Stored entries
= = =

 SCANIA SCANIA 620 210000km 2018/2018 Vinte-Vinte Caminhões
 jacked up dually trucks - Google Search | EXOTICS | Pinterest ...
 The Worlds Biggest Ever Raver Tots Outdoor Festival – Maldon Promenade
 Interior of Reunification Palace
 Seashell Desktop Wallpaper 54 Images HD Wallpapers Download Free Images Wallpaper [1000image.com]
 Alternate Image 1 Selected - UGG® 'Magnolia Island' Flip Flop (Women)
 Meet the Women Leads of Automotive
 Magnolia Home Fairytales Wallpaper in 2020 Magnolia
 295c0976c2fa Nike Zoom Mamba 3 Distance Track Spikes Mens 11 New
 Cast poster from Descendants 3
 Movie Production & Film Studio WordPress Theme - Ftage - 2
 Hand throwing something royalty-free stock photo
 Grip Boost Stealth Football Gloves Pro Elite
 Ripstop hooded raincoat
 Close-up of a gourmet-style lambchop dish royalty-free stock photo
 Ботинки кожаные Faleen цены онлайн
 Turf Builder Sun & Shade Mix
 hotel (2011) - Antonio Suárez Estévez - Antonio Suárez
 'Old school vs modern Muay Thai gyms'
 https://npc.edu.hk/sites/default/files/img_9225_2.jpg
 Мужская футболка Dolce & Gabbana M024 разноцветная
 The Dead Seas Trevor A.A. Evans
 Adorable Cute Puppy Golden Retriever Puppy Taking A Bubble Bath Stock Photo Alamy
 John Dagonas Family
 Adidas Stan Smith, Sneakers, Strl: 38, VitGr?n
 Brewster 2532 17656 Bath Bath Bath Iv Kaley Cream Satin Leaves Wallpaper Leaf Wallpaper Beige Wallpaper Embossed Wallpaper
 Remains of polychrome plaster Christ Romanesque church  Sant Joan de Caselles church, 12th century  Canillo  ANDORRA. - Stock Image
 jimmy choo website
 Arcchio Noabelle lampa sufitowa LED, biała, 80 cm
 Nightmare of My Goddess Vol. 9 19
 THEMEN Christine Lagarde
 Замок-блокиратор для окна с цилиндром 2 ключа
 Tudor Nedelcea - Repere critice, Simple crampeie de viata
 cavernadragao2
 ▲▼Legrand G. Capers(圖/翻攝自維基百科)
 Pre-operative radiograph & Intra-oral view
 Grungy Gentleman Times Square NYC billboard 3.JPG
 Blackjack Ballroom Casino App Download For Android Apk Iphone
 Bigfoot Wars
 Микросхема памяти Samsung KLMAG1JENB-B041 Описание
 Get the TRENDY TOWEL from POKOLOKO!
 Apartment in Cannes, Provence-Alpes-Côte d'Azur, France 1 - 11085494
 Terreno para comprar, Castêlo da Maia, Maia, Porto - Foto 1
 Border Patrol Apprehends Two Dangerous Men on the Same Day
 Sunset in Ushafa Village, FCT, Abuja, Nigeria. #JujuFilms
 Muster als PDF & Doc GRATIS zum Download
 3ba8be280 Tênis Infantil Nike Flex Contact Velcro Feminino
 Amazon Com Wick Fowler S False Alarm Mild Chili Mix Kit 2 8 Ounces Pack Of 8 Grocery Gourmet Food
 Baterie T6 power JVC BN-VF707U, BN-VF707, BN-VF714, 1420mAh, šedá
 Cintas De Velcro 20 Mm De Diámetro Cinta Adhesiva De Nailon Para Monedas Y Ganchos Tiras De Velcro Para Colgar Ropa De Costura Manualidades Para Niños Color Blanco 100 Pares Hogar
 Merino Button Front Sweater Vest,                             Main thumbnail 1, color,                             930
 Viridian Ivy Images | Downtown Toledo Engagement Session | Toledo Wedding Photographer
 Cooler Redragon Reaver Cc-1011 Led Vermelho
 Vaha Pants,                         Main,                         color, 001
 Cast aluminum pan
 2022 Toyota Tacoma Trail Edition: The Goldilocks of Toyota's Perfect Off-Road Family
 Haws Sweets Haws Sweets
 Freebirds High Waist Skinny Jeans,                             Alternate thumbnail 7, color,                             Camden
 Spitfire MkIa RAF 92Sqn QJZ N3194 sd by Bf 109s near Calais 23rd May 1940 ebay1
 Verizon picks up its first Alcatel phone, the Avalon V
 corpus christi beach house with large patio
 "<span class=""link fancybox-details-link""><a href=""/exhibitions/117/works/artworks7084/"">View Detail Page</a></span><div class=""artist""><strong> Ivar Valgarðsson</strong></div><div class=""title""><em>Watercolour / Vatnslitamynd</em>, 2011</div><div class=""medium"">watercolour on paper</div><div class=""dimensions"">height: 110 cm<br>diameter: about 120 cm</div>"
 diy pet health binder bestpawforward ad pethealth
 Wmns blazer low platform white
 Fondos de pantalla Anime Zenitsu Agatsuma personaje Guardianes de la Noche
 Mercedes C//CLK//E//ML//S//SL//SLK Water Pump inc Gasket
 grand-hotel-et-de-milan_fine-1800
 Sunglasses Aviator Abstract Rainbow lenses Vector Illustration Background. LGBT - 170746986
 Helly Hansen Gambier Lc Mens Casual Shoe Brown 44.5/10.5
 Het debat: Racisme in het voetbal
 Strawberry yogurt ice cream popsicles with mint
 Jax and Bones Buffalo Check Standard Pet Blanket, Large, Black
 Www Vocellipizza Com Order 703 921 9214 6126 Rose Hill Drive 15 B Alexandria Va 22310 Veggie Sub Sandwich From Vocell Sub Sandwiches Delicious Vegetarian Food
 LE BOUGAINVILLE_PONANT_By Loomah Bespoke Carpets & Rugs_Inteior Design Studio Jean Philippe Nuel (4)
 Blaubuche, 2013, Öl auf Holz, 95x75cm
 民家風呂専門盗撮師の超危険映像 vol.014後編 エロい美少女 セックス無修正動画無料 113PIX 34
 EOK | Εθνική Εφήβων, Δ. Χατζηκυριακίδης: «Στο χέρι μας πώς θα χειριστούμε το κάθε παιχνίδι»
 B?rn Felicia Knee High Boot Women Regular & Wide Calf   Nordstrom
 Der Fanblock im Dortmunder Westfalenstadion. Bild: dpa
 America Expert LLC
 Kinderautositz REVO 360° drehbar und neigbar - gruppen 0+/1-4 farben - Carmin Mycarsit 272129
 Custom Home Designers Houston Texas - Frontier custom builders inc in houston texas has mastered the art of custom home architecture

= = =

WHAT IS NEEDED
Now that the records have been shown, restate each one word for word.

SOLVED EXERCISE
 SCANIA SCANIA 620 210000km 2018/2018 Vinte-Vinte Caminhões
 jacked up dually trucks - Google Search | EXOTICS | Pinterest ...
 The Worlds Biggest Ever Raver Tots Outdoor Festival – Maldon Promenade
 Interior of Reunification Palace
 Seashell Desktop Wallpaper 54 Images HD Wallpapers Download Free Images Wallpaper [1000image.com]
 Alternate Image 1 Selected - UGG® 'Magnolia Island' Flip Flop (Women)
 Meet the Women Leads of Automotive
 Magnolia Home Fairytales Wallpaper in 2020 Magnolia
 295c0976c2fa Nike Zoom Mamba 3 Distance Track Spikes Mens 11 New
 Cast poster from Descendants 3
 Movie Production & Film Studio WordPress Theme - Ftage - 2
 Hand throwing something royalty-free stock photo
 Grip Boost Stealth Football Gloves Pro Elite
 Ripstop hooded raincoat
 Close-up of a gourmet-style lambchop dish royalty-free stock photo
 Ботинки кожаные Faleen цены онлайн
 Turf Builder Sun & Shade Mix
 hotel (2011) - Antonio Suárez Estévez - Antonio Suárez
 'Old school vs modern Muay Thai gyms'
 https://npc.edu.hk/sites/default/files/img_9225_2.jpg
 Мужская футболка Dolce & Gabbana M024 разноцветная
 The Dead Seas Trevor A.A. Evans
 Adorable Cute Puppy Golden Retriever Puppy Taking A Bubble Bath Stock Photo Alamy
 John Dagonas Family
 Adidas Stan Smith, Sneakers, Strl: 38, VitGr?n
 Brewster 2532 17656 Bath Bath Bath Iv Kaley Cream Satin Leaves Wallpaper Leaf Wallpaper Beige Wallpaper Embossed Wallpaper
 Remains of polychrome plaster Christ Romanesque church  Sant Joan de Caselles church, 12th century  Canillo  ANDORRA. - Stock Image
 jimmy choo website
 Arcchio Noabelle lampa sufitowa LED, biała, 80 cm
 Nightmare of My Goddess Vol. 9 19
 THEMEN Christine Lagarde
 Замок-блокиратор для окна с цилиндром 2 ключа
 Tudor Nedelcea - Repere critice, Simple crampeie de viata
 cavernadragao2
 ▲▼Legrand G. Capers(圖/翻攝自維基百科)
 Pre-operative radiograph & Intra-oral view
 Grungy Gentleman Times Square NYC billboard 3.JPG
 Blackjack Ballroom Casino App Download For Android Apk Iphone
 Bigfoot Wars
 Микросхема памяти Samsung KLMAG1JENB-B041 Описание
 Get the TRENDY TOWEL from POKOLOKO!
 Apartment in Cannes, Provence-Alpes-Côte d'Azur, France 1 - 11085494
 Terreno para comprar, Castêlo da Maia, Maia, Porto - Foto 1
 Border Patrol Apprehends Two Dangerous Men on the Same Day
 Sunset in Ushafa Village, FCT, Abuja, Nigeria. #JujuFilms
 Muster als PDF & Doc GRATIS zum Download
 3ba8be280 Tênis Infantil Nike Flex Contact Velcro Feminino
 Amazon Com Wick Fowler S False Alarm Mild Chili Mix Kit 2 8 Ounces Pack Of 8 Grocery Gourmet Food
 Baterie T6 power JVC BN-VF707U, BN-VF707, BN-VF714, 1420mAh, šedá
 Cintas De Velcro 20 Mm De Diámetro Cinta Adhesiva De Nailon Para Monedas Y Ganchos Tiras De Velcro Para Colgar Ropa De Costura Manualidades Para Niños Color Blanco 100 Pares Hogar
 Merino Button Front Sweater Vest,                             Main thumbnail 1, color,                             930
 Viridian Ivy Images | Downtown Toledo Engagement Session | Toledo Wedding Photographer
 Cooler Redragon Reaver Cc-1011 Led Vermelho
 Vaha Pants,                         Main,                         color, 001
 Cast aluminum pan
 2022 Toyota Tacoma Trail Edition: The Goldilocks of Toyota's Perfect Off-Road Family
 Haws Sweets Haws Sweets
 Freebirds High Waist Skinny Jeans,                             Alternate thumbnail 7, color,                             Camden
 Spitfire MkIa RAF 92Sqn QJZ N3194 sd by Bf 109s near Calais 23rd May 1940 ebay1
 Verizon picks up its first Alcatel phone, the Avalon V
 corpus christi beach house with large patio
 "<span class=""link fancybox-details-link""><a href=""/exhibitions/117/works/artworks7084/"">View Detail Page</a></span><div class=""artist""><strong> Ivar Valgarðsson</strong></div><div class=""title""><em>Watercolour / Vatnslitamynd</em>, 2011</div><div class=""medium"">watercolour on paper</div><div class=""dimensions"">height: 110 cm<br>diameter: about 120 cm</div>"
 diy pet health binder bestpawforward ad pethealth
 Wmns blazer low platform white
 Fondos de pantalla Anime Zenitsu Agatsuma personaje Guardianes de la Noche
 Mercedes C//CLK//E//ML//S//SL//SLK Water Pump inc Gasket
 grand-hotel-et-de-milan_fine-1800
 Sunglasses Aviator Abstract Rainbow lenses Vector Illustration Background. LGBT - 170746986
 Helly Hansen Gambier Lc Mens Casual Shoe Brown 44.5/10.5
 Het debat: Racisme in het voetbal
 Strawberry yogurt ice cream popsicles with mint
 Jax and Bones Buffalo Check Standard Pet Blanket, Large, Black
 Www Vocellipizza Com Order 703 921 9214 6126 Rose Hill Drive 15 B Alexandria Va 22310 Veggie Sub Sandwich From Vocell Sub Sandwiches Delicious Vegetarian Food
 LE BOUGAINVILLE_PONANT_By Loomah Bespoke Carpets & Rugs_Inteior Design Studio Jean Philippe Nuel (4)
 Blaubuche, 2013, Öl auf Holz, 95x75cm
 民家風呂専門盗撮師の超危険映像 vol.014後編 エロい美少女 セックス無修正動画無料 113PIX 34
 EOK | Εθνική Εφήβων, Δ. Χατζηκυριακίδης: «Στο χέρι μας πώς θα χειριστούμε το κάθε παιχνίδι»
 B?rn Felicia Knee High Boot Women Regular & Wide Calf   Nordstrom
 Der Fanblock im Dortmunder Westfalenstadion. Bild: dpa
 America Expert LLC
 Kinderautositz REVO 360° drehbar und neigbar - gruppen 0+/1-4 farben - Carmin Mycarsit 272129
 Custom Home Designers Houston Texas - Frontier custom builders inc in houston texas has mastered the art of custom home architecture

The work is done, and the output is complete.